Tests are primarily used to confirm that the data meets expectations. This includes checking for null values, ensuring values fall within a defined range, or verifying relationships between datasets. Additionally, dbt allows for the creation of custom tests to validate specific business logic or rules unique to the data pipeline.

Types of tests in dbt

There are two main types of dbt tests: generic and custom. Generic tests are pre-built tests in dbt, defined in schema.yml, for common data quality checks. They're easy to implement and require minimal effort. Custom tests are customized tests that you develop to validate specific business logic or project-specific validation rules. 

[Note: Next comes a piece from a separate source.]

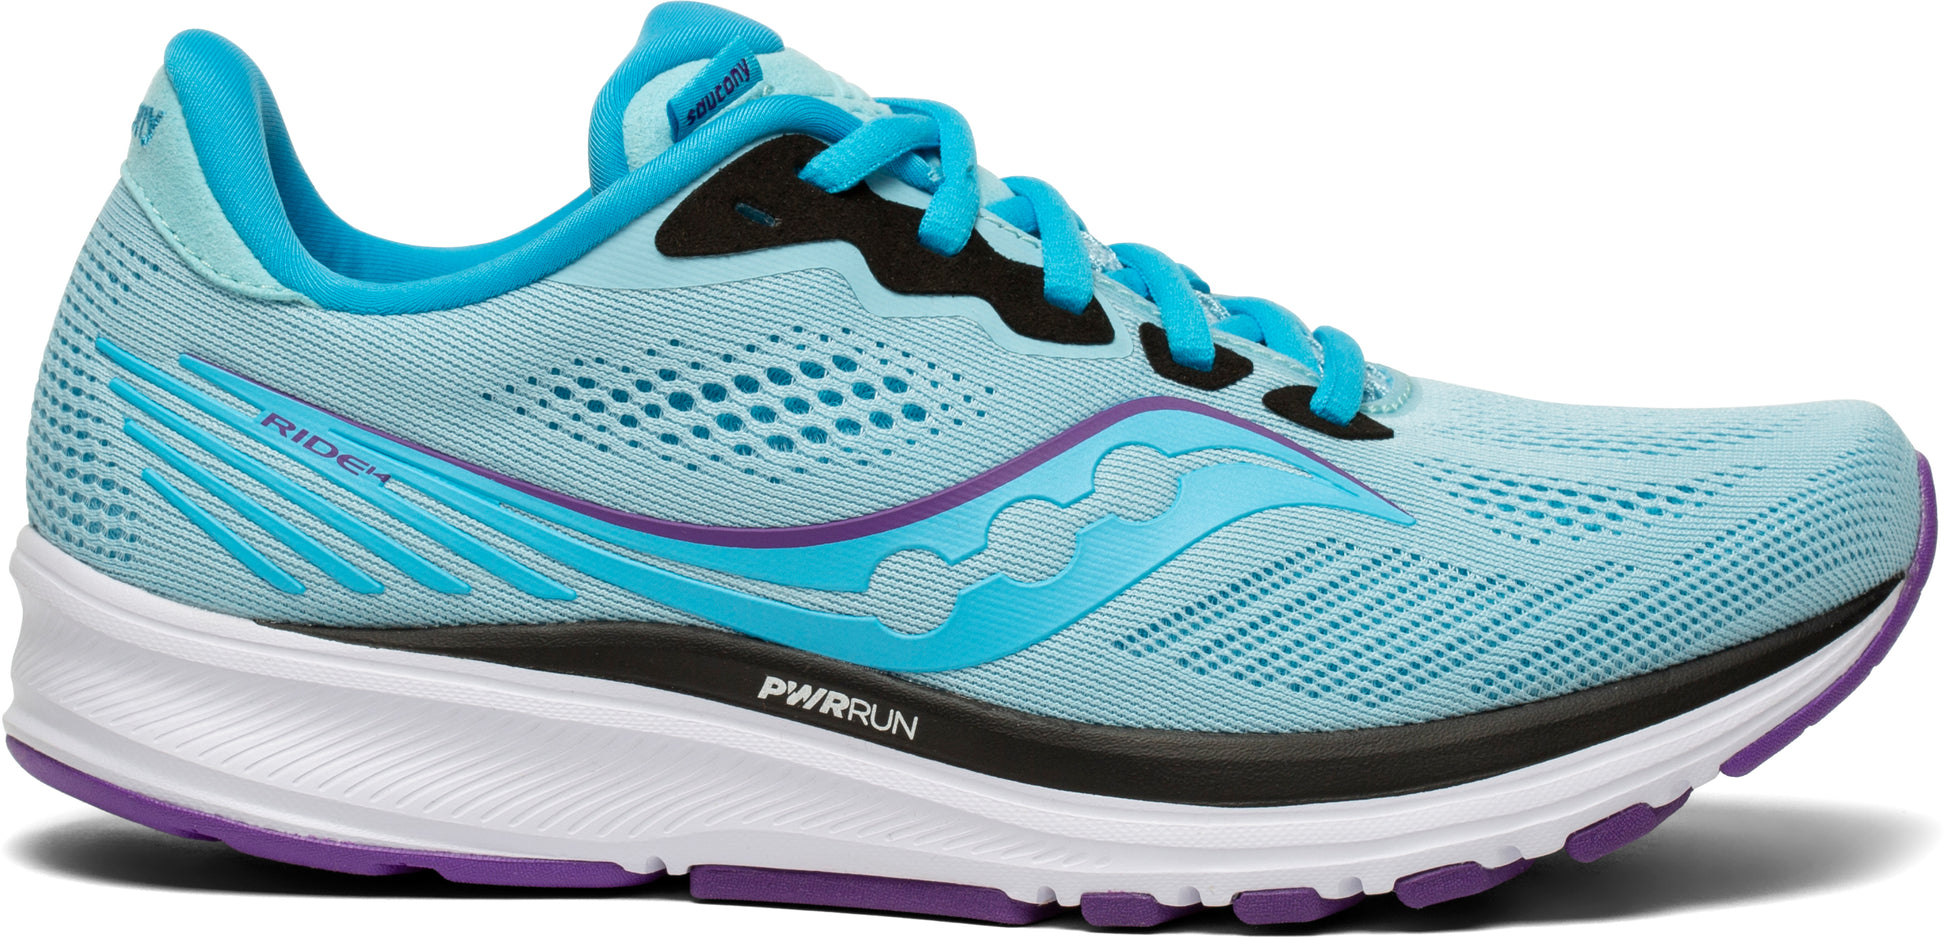 Saucony Ride 14 women's running shoe, light blue running shoes, neutral shoe, marathon, half marathon road running shoe
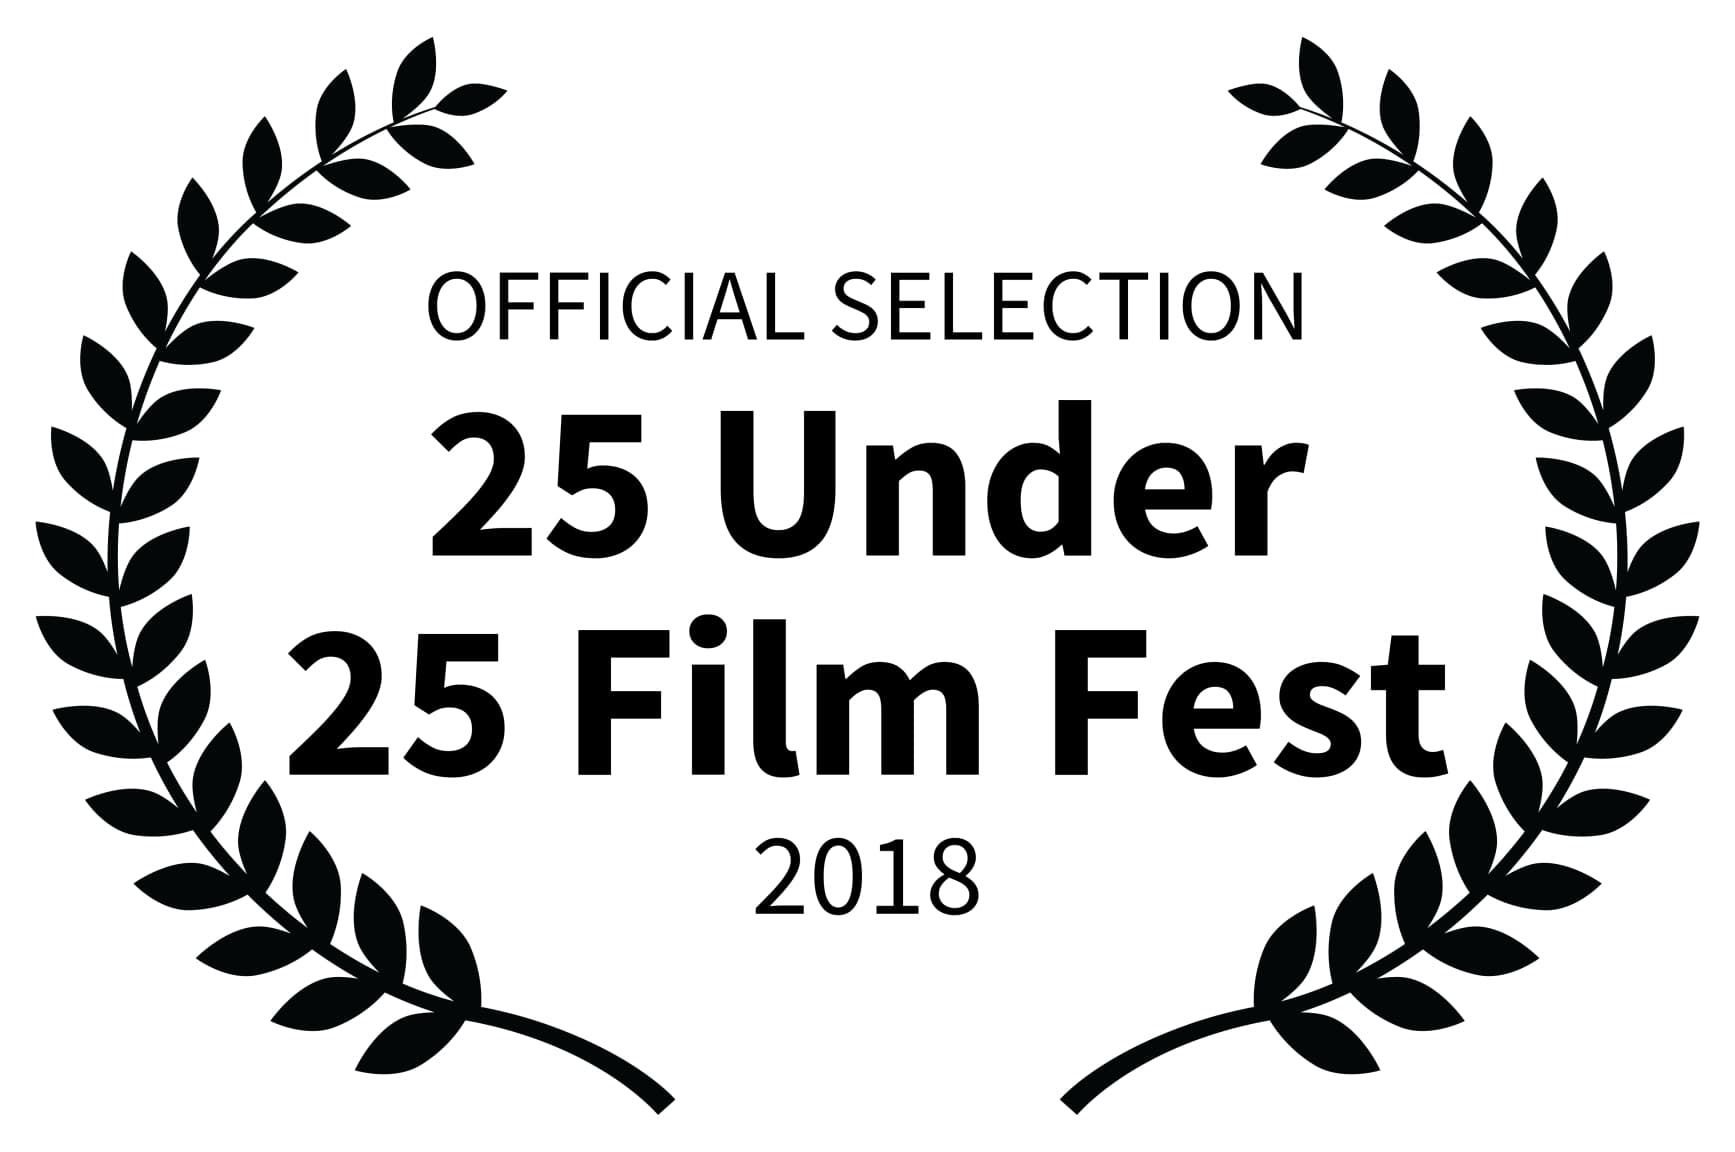 OFFICIAL SELECTION - 25 Under 25 Film Fest - 2018.jpg

Custom tests require more complex SQL queries to check for specific conditions that go beyond standard data integrity checks. Custom and generic tests serve different but complementary purposes in ensuring data quality, and knowing when and how to use each type allows you to build a more robust and reliable data pipeline.

Built-in generic tests

Generic tests are also referred to as schema tests which are predefined and are predefined in dbt. The most common generic tests include:

  • Unique 
  • Not Null
  • Accepted values 
  • Relationships

Unique tests 

Unique tests verify that every value in a specified column is distinct and ensures that there are no duplicates. These tests are particularly important for columns meant to serve as unique identifiers, such as `order_id`, `customer_id`. Unique tests maintain data integrity and prevent errors caused by duplicate entries.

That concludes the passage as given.